If you follow my Instagram account (if not, the link is over to the right), then you may know that my diet is predominantly veggie based- along with some dairy, eggs, and fish. I am basically a pescetarian, though I don’t like using any kind of label with what I eat (it feels too inflexible, and doesn’t cater for any changes in my tastes- which, let’s be honest, could definitely happen). This means that it wasn’t too difficult to challenge myself to go vegetarian for a week, as something I’ve been curious about for a long while now…
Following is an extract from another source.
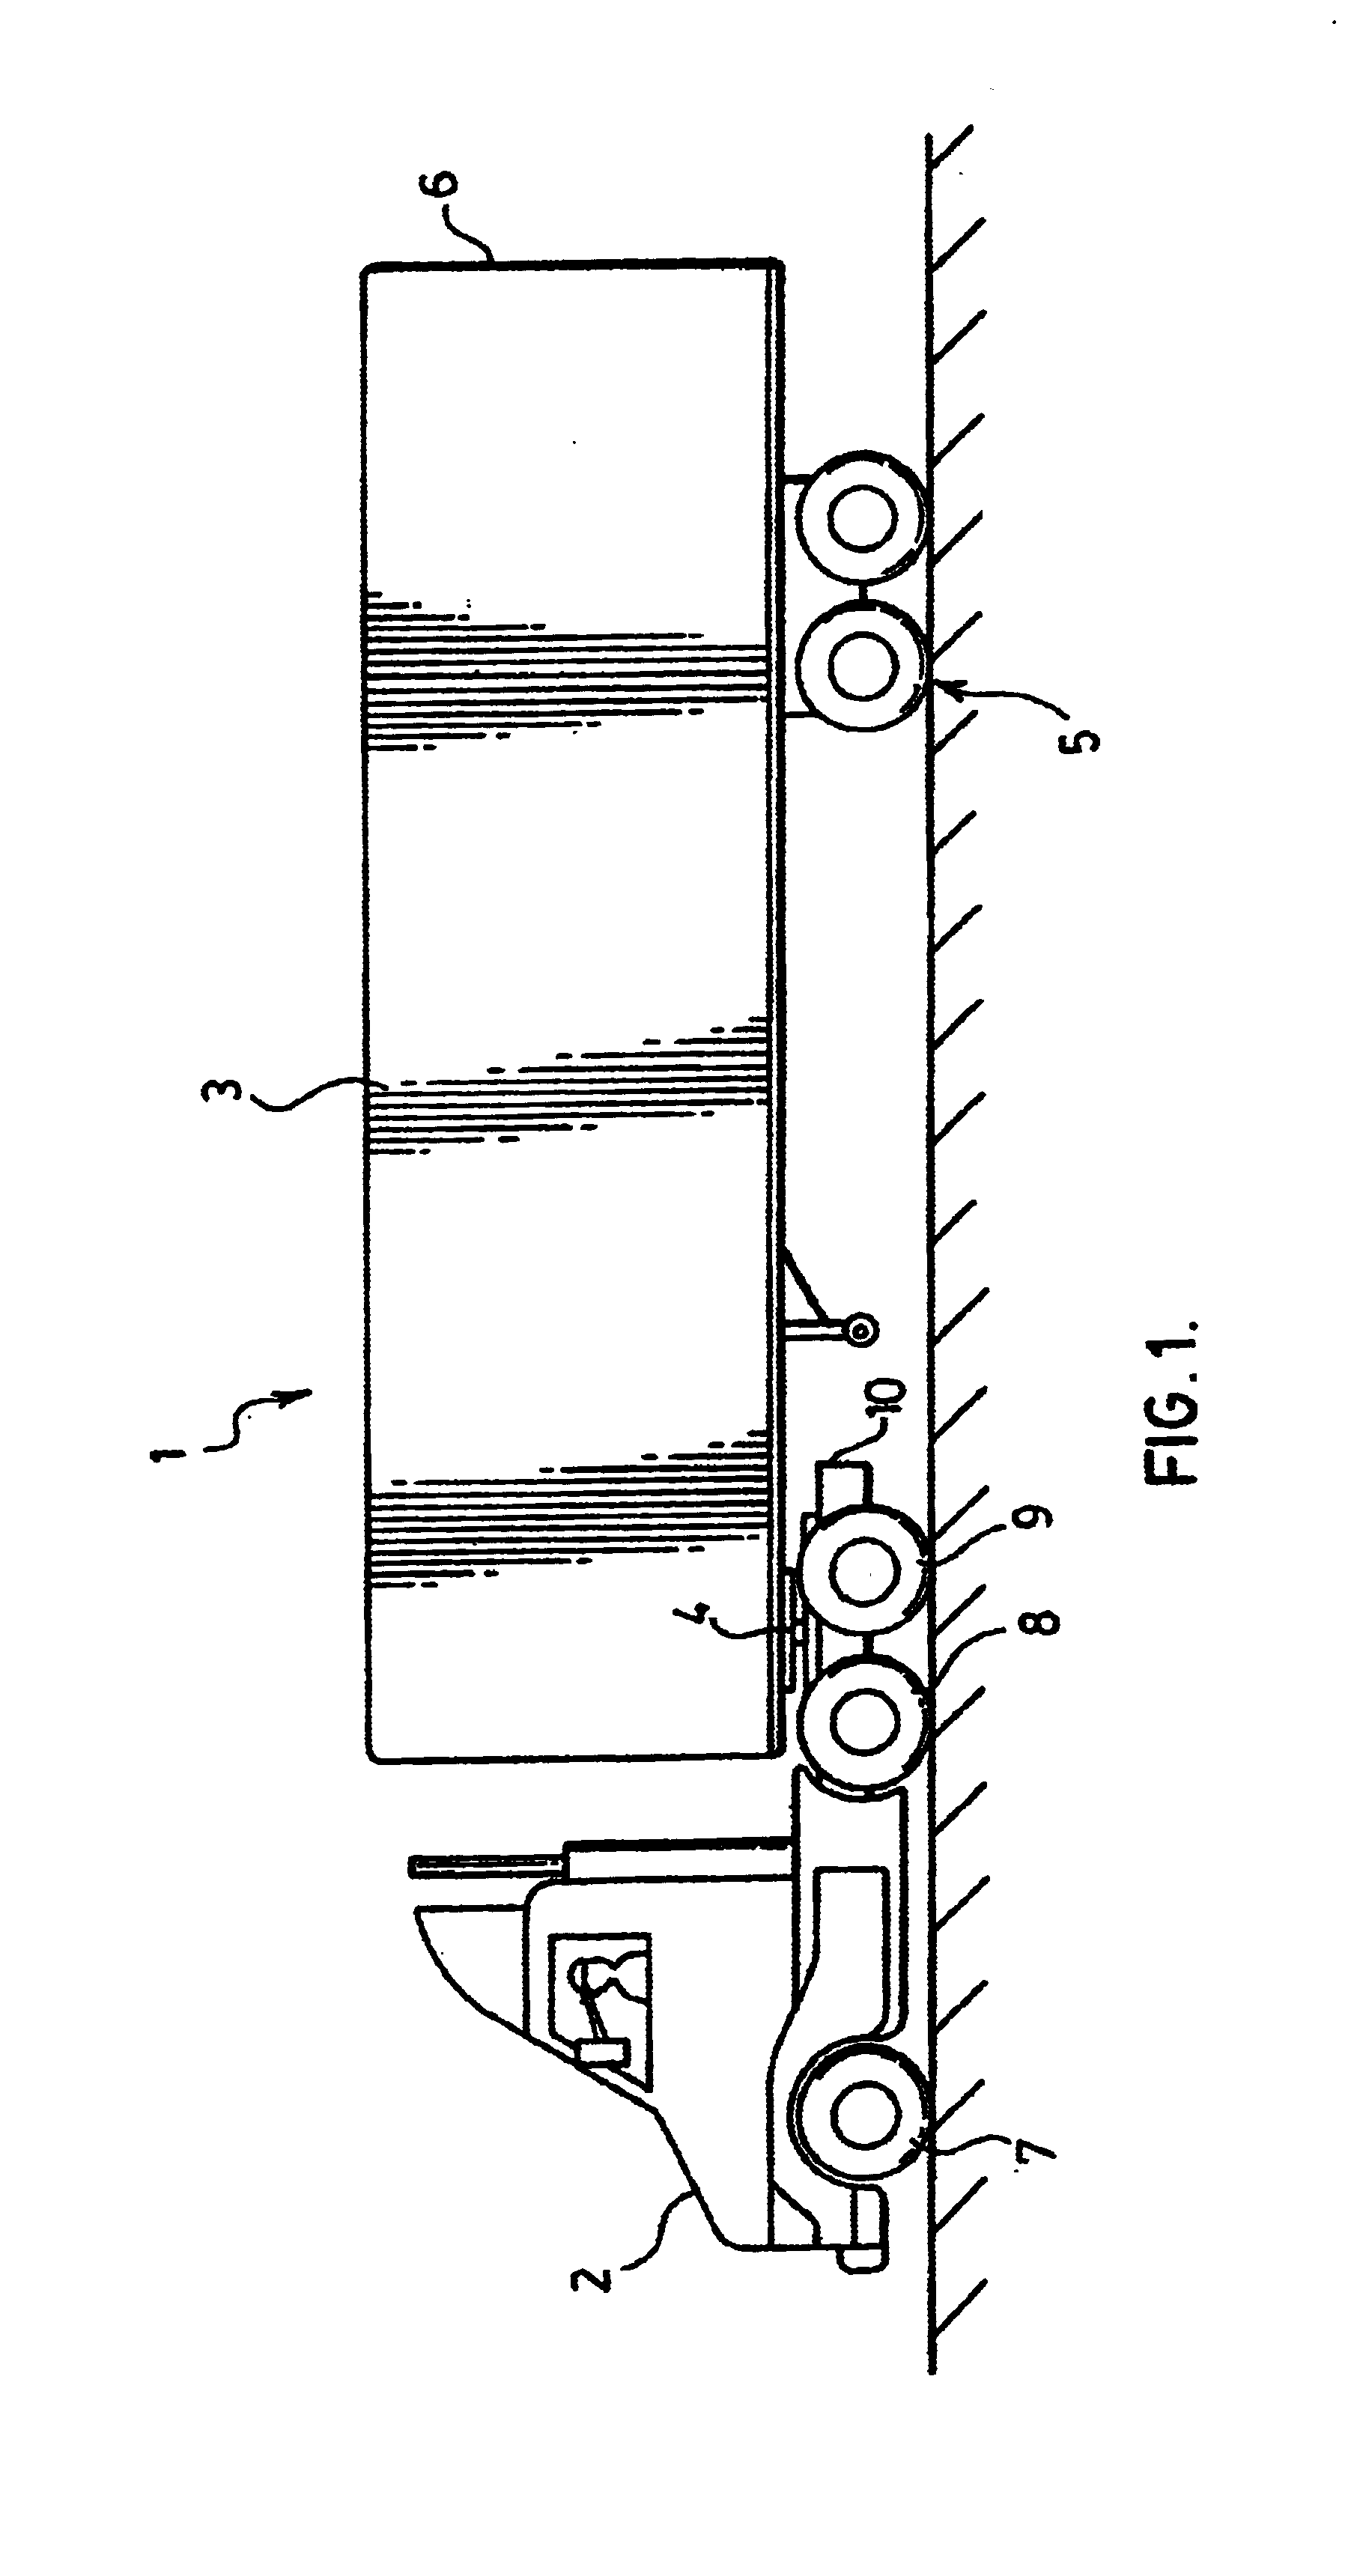 Axle weight distribution system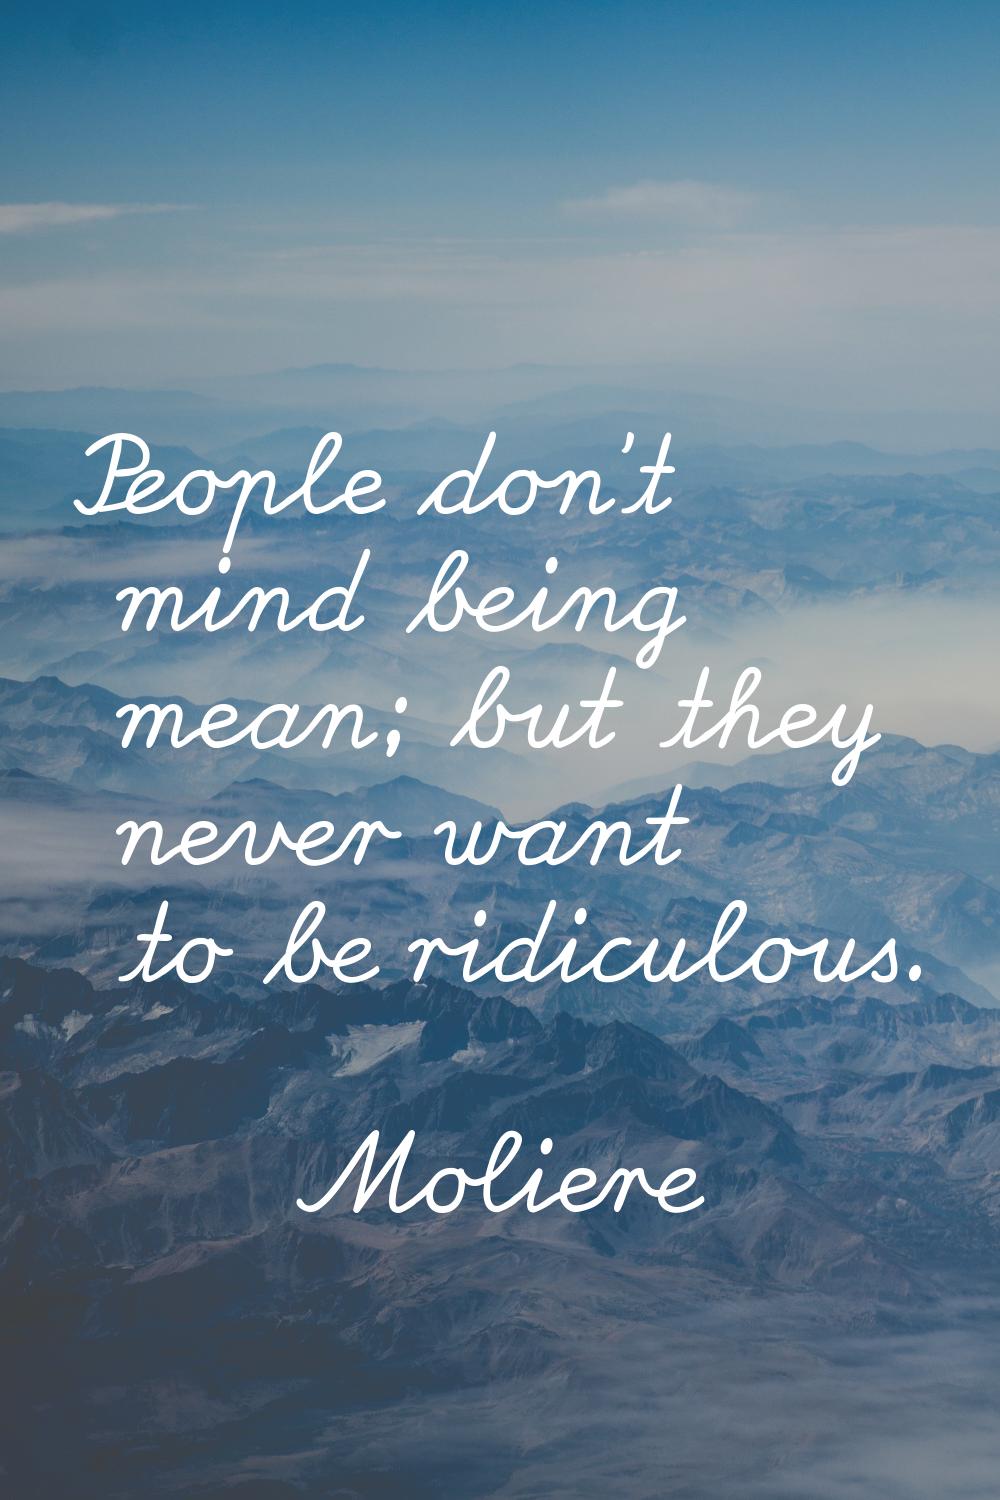 People don't mind being mean; but they never want to be ridiculous.

I have to say, I enjoyed going vegetarian for the week. It reminded me of a year or so ago, when I began cutting out meat (for no particular reason other than I gradually began to not like the taste, and found it turned my stomach) and the changes I saw happening- my digestion improved, and I felt more energetic basically. However, I didn’t necessarily find that I gained magical super powers, or became superior to everyone else in some way, or went from a 3 to a 10 on the scale of hotness- as some would have you believe. This was what I found personally, it could be different for you. I do feel, having said that, that everyone should try to increase the number of vegetarian meals that they eat. Its better for our planet, and a lot of people could do with learning that vegetarian food is delicious and not boring!

Don’t worry though guys, I have no intention of cutting fish out completely- or eggs and dairy. In other words, I have no intention of going vegan- though at some point in the future I would be interested in seeing if I could live off of a vegan diet for one week, as I feel this could also encourage me to try a lot of new recipes.

So, what did I learn from a week of going completely veggie? Well, lets take a look:

  • When eating as a vegetarian, you’ll probably need to eat a higher volume of food. Vegetables take up a lot of space in your stomach, but provide fewer calories than their meat alternative. This is especially true if your meal is all vegetables/pulses, and not made entirely of dairy products or pastry. I found that including higher fat/ calorie foods really helped with satiety- nut butters, nuts, and avocados were all great options. You just need to ensure that you eat sensible portion sizes, and a wide variety of foods. Which brings us to my next point…
  • You can’t rely on dairy. I am not a massive cheese fan as it is, but I also roped my family into eating a few vegetarian meals with me, and when discussing meal ideas, all my dad could think of was dairy based dishes. Macaroni cheese, mushroom stroganoff, cheese and pickle sandwiches, cheese and crackers, goats cheese tartlets… This is why people have the misconception that vegetarian food is boring.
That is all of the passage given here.